▶ **What you are asked to do**
Print the data below exactly, but only the lines from the one containing "Bonbons au chocolat" down to the one containing "Zurigo, Svizzera - 10", inclusive.

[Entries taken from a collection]

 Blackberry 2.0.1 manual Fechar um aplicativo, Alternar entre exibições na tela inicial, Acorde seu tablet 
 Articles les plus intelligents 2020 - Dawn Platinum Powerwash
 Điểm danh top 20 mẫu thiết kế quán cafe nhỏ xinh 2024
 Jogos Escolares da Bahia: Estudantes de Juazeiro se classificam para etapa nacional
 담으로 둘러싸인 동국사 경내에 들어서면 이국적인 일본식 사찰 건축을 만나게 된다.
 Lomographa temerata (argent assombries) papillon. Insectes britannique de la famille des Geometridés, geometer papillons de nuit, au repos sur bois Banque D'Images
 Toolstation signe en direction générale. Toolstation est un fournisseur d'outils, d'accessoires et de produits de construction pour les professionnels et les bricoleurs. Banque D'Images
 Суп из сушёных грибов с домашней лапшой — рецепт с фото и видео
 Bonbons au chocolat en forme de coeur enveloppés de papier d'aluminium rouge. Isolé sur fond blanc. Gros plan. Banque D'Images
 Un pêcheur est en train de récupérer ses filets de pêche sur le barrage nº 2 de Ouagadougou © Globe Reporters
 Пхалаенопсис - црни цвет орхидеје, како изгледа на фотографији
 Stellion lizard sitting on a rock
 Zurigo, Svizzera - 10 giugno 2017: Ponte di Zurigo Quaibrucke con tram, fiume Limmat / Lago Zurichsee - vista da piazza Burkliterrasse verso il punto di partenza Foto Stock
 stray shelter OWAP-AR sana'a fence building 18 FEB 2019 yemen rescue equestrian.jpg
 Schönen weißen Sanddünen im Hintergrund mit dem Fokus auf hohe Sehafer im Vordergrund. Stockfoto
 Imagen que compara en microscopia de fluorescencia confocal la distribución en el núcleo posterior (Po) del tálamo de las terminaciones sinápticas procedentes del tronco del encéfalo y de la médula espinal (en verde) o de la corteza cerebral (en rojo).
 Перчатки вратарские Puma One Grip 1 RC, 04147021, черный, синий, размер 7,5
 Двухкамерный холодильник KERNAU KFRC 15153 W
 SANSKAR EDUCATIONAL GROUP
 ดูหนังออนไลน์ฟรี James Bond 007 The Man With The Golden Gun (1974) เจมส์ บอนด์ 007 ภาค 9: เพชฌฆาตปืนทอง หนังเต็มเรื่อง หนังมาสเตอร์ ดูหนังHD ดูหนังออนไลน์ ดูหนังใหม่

▶ **Exercise response**
 Bonbons au chocolat en forme de coeur enveloppés de papier d'aluminium rouge. Isolé sur fond blanc. Gros plan. Banque D'Images
 Un pêcheur est en train de récupérer ses filets de pêche sur le barrage nº 2 de Ouagadougou © Globe Reporters
 Пхалаенопсис - црни цвет орхидеје, како изгледа на фотографији
 Stellion lizard sitting on a rock
 Zurigo, Svizzera - 10 giugno 2017: Ponte di Zurigo Quaibrucke con tram, fiume Limmat / Lago Zurichsee - vista da piazza Burkliterrasse verso il punto di partenza Foto Stock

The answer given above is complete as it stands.